Research2026

Unhosted — Decentralized LLM inference

A Rust-based runtime that pools heterogeneous hardware — MacBooks, gaming PCs, home servers, and an opt-in public swarm of strangers' GPUs — into a single inference cluster behind one endpoint, across CUDA, Metal, and ROCm. Three trust radii (local / trusted / public): the first two are free forever; the third is a USDC-priced safety net used only when the local circle can't fulfill a request. Currently pre-alpha with single-host inference, LAN clustering, mDNS peer discovery + pairing, and model management shipped; VRAM-pooling via llama.cpp's RPC backend is in active build. Co-maintained with the original author Ankur Sinha; my scope covers infrastructure, developer experience, and documentation.

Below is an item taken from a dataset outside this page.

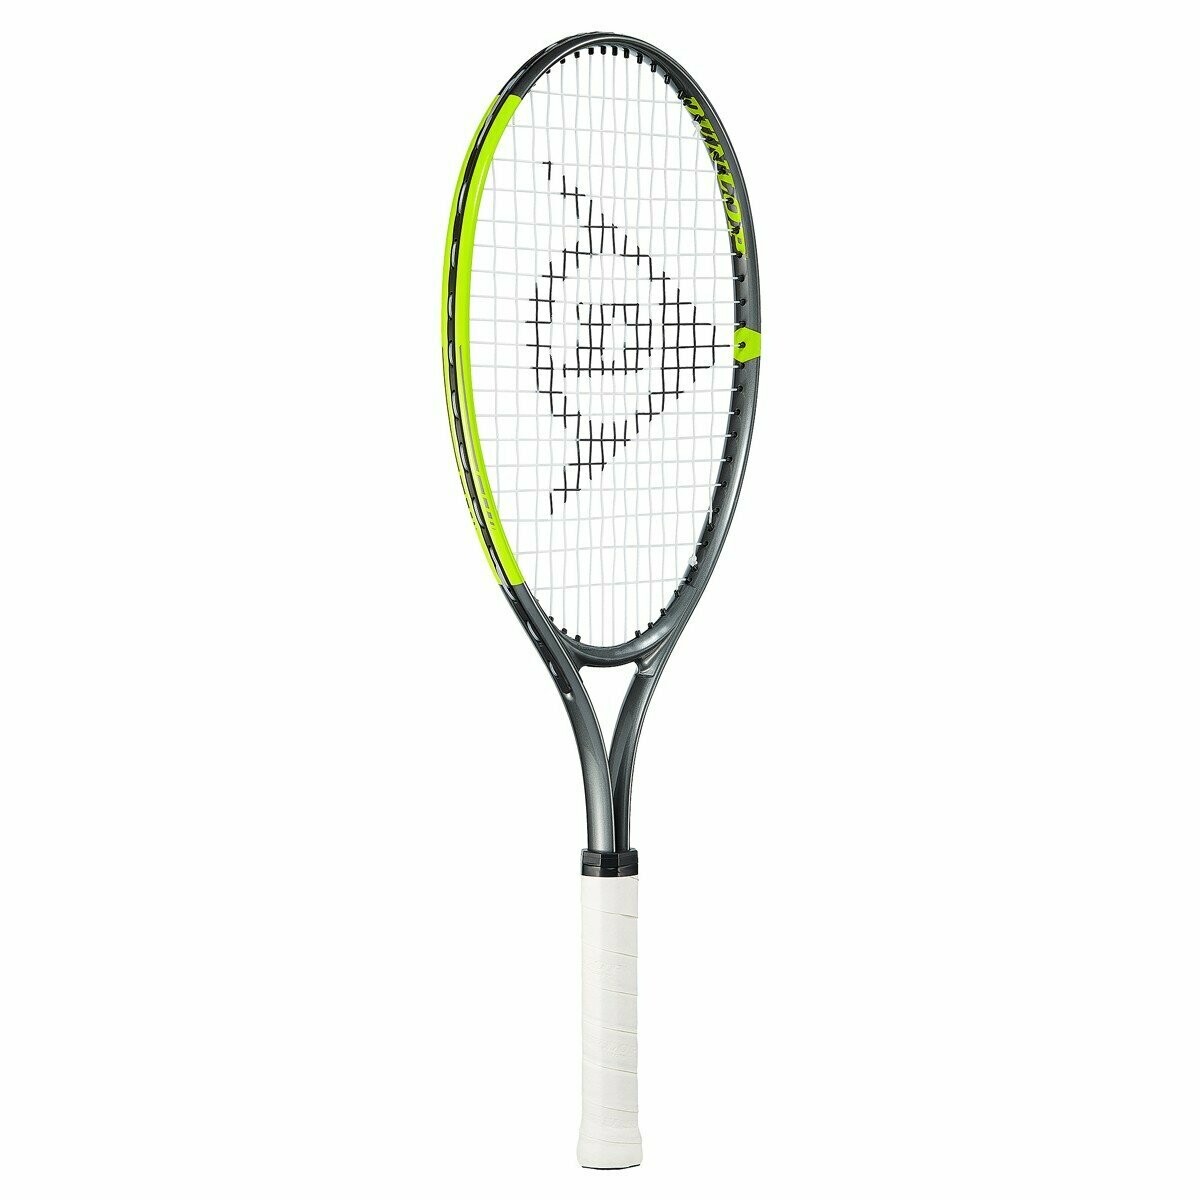 Dunlop cv team junior series pro tennis racket 24 inch with case
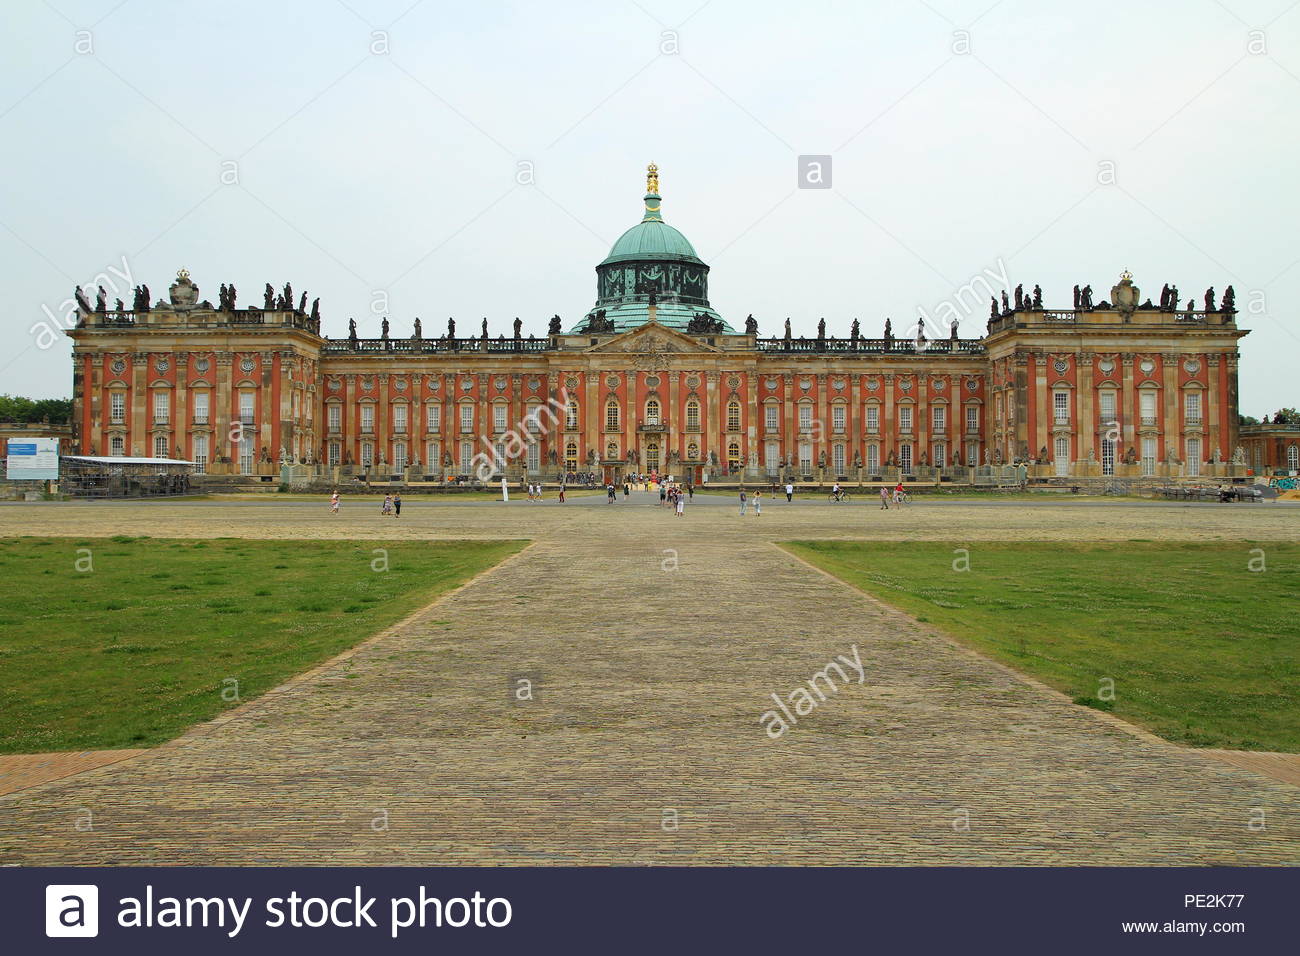 Neuer Garten Potsdam Inspirierend King Prussia Stock S & King Prussia Stock

Unhosted — Decentralized LLM inference preview

Technology stack

Rust 2021llama.cppGGUFmDNSWireGuardCUDAMetalROCmAGPL-3.0
01

Problem statement

Frontier-class language-model inference is almost always rented from someone else's datacenter. That's a defensible business model and a bad default — it ties personal compute, privacy, and cost to a handful of hosted endpoints. Most people already own enough silicon collectively (laptops, gaming PCs, home servers, idle workstations) to run a 70B-class model if the orchestration existed to pool it. Unhosted is the orchestration: one endpoint that routes inference across hardware you own first, friends and family second, and a paid public swarm only as a last resort.

02

Dataset & data

Not a model-training project. The "data" here is the network topology: heterogeneous nodes across CUDA / Metal / ROCm, variable VRAM budgets, intermittent availability, and latency that ranges from sub-millisecond on LAN to tens of milliseconds across the internet. Routing decisions depend on per-node capacity introspection, peer-trust state, and a configurable price ceiling for the public-swarm fallback (USDC per token).

03

Architecture & design

Rust runtime that wraps llama.cpp's llama-server for per-host inference and uses its RPC backend (GGML_RPC) for cross-node VRAM pooling so layers of a single model can split across a MacBook and a 4090. mDNS for LAN peer discovery; a one-click pair flow handles trusted peers over WireGuard-style end-to-end encryption with no public exposure. The public swarm is designed around optimistic verification plus redundancy now, with zero-knowledge proofs as a future affordability bet. Three trust radii (local / trusted / public) sit behind one CLI surface — the user picks how far the radius goes by setting a price ceiling, not by choosing a backend.

04

Training pipeline

No training. The engineering work is in the runtime, the routing layer, and the trust model: hot-reloading request routing when peers come and go, layer-splitting that survives node disappearance, idempotent retries across the swarm, and an audit trail for public-swarm requests that protects both the requester and the GPU provider. License is AGPL-3.0 specifically so the code stays auditable and forkable but can't be wrapped as a closed paid service.

05

Results & performance

Pre-alpha. Single-host inference (v0.0.1), LAN cluster with round-robin routing (v0.0.2), mDNS peer discovery + pairing + model management (v0.0.3) all shipped end to end. VRAM-pooling (v0.0.4+), trusted-peer pairing (v0.1.0), web UI + Tauri desktop app (v0.1.0+ / v0.2.0+), and the USDC-priced public swarm (v0.3.0+) are next. No public benchmarks yet — reproducible scripts and honest tokens-per-second numbers land in benchmarks/ as soon as any are real.